Donnerstag, 16.08.2018 12:41 Uhr

The great “Vedutista” artist: Canaletto in Rome

Verantwortlicher Autor: Carlo Marino Rome, 19.04.2018, 14:23 Uhr
Presse-Ressort von: Dr. Carlo Marino Bericht 5557x gelesen

Rome [ENA] In order to mark the 250th anniversary of the death of the great Venetian painter Giovanni Antonio Canal (1697-1768), better known as Canaletto, on April 11th in Rome, Palazzo Braschi opened a valuable exhibition illustrating the art of this great landscape “Vedutista” artist. Canaletto painted impressive scenes of the canals of Venice and the Doge's Palace and his views of the lagoon city contributed

to visually define it in the world's imagination. His large-scale landscapes portrayed the city's pageantry and disappearing traditions, making innovative use of atmospheric effects and strong local colours. For these qualities, his works may be said to have anticipated Impressionism. Rome exhibition runs through August 19. The exhibit - "Canaletto 1697-1768" - will showcase the largest number of masterworks by the artist ever displayed in Italy. The show required two years of preparation and cost almost one million euros.

They include nine drawings, 16 books and archive documents and 42 paintings from Italian museums as well as private British collections and museums abroad including the Pushkin in Moscow, the National Gallery in London, the Kunsthistorisches Museum in Vienna and the Museum of Fine Arts in Budapest. Organized in nine sections, it has the objective of giving an insight into Canaletto's entire career - from his work as a set designer through his revolution of landscape painting. It embraces his work in Venice and Rome, the city that fascinated him with its millennial history.

The exhibit presents the first landscapes portraying the Rialto Bridge viewed from the north and the Canal Grande and Santa Maria della Carità with a natural lighting lending fresh crispness to the spectacular views. Much of Canaletto's early artwork was painted "from nature", differing from the then usual practice of completing paintings in the studio. Some of his later works do revert to this custom, as suggested by the tendency for distant figures to be painted as drops of colour, an effect possibly produced by using a camera obscura, which distorts farther-away objects, although research by art historians working for the Royal Collection in the United Kingdom has shown Canaletto almost never used a camera obscura.

However, Canaletto’s paintings are extraordinary for their accuracy: he recorded the seasonal submerging of Venice in water and ice. Clients offered Canaletto significant commissions after his success in Italy and abroad. The Return of the Bucintoro to the Molo on Ascension Day, 1729, (Bucintoro di ritorno al Molo il giorno dell'Ascensione) is from this period. Canaletto's genius reflects the age of Enlightment as well as the music, theater, social and technological progress of his time. The artist acquired a clientele of Britons undertaking Grand Tours, also thanks to the promotion of patron Joseph Smith.

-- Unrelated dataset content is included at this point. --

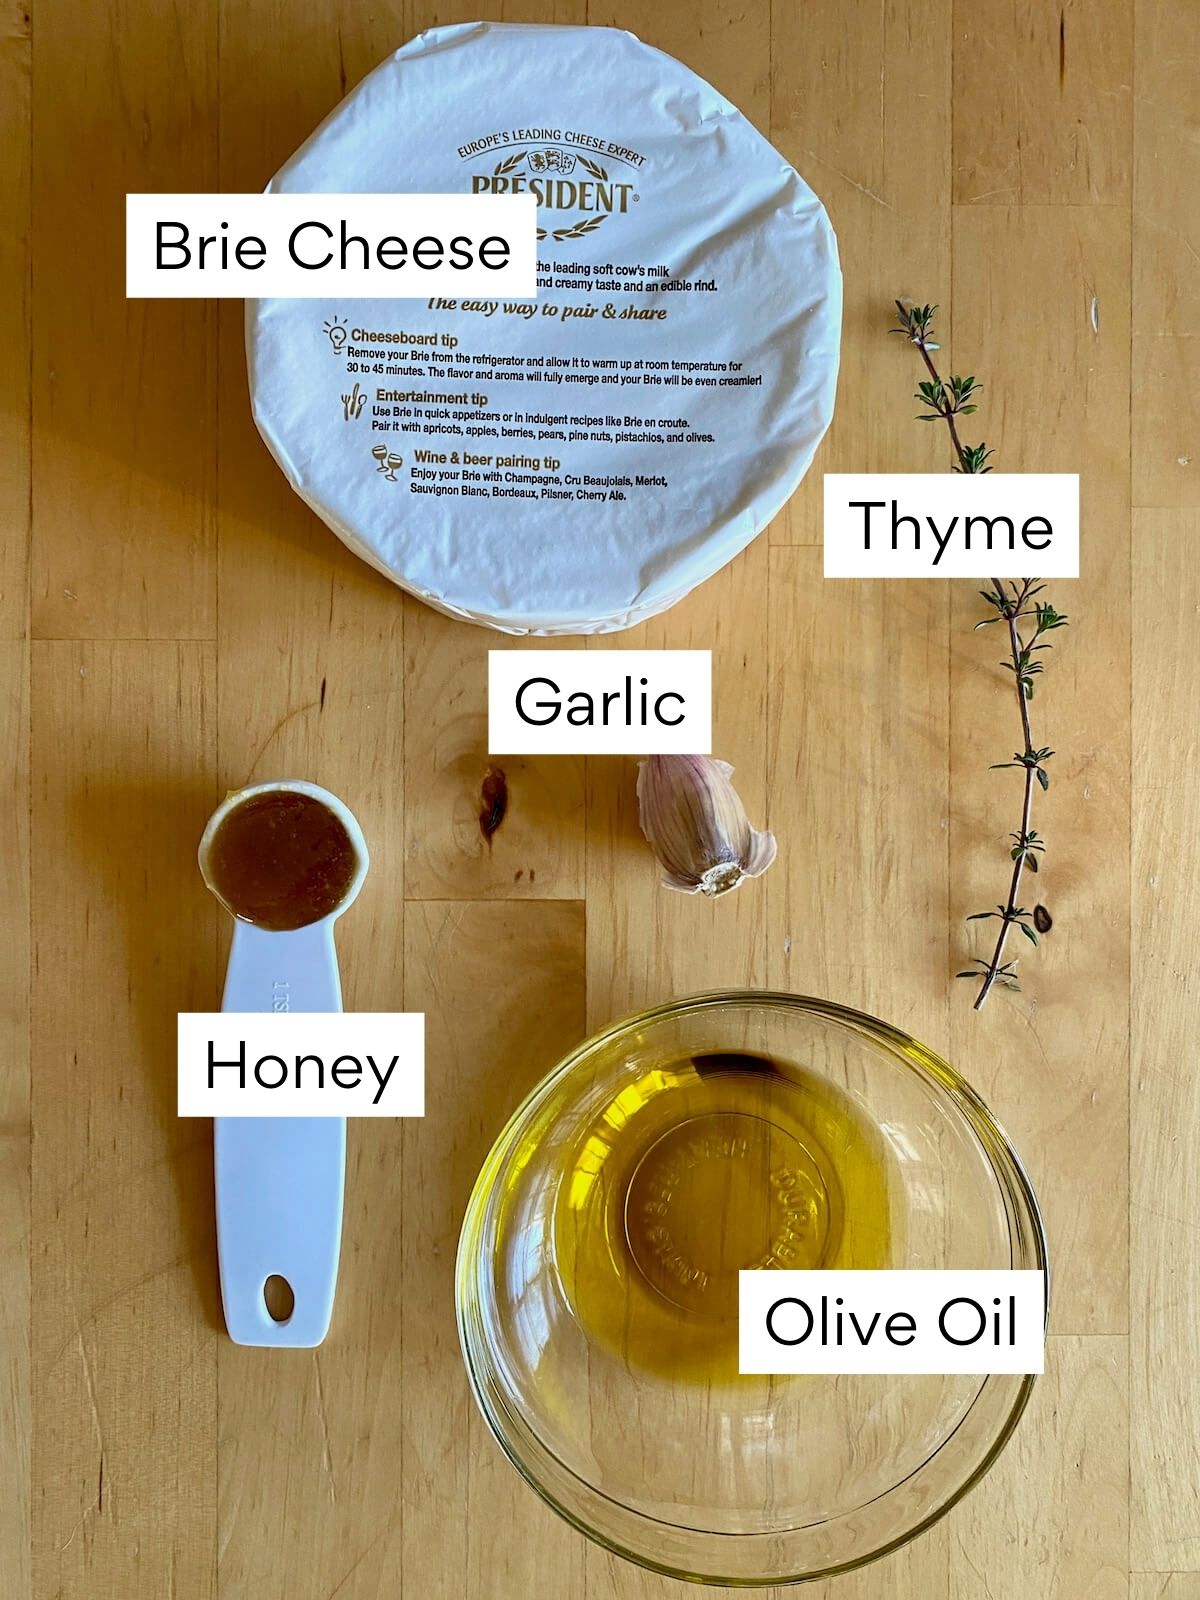 The ingredients to make baked brie with garlic. Each ingredient is labeled with text. They include Brie cheese, thyme, garlic, honey, and olive oil.

After Padua, the artist moved to London, where he painted, among others, the "Representation of Chelsea College, Ranelagh House, and the River Thames". The 1751 painting was cut in half and will now be exceptionally showcased in its wholeness for the show. The left part belongs to the National Trust's Blicking Estate, in Britain, while the other half is part of Cuba's Museo Nacional de bellas artes de la Habana. The exhibit ends with the last years the artist spent in Venice and records Canaletto's ability to represent views of his spectacular city. A reality that is only apparently topographical but whose details are instead inserted with great discretion according to his peculiar idea.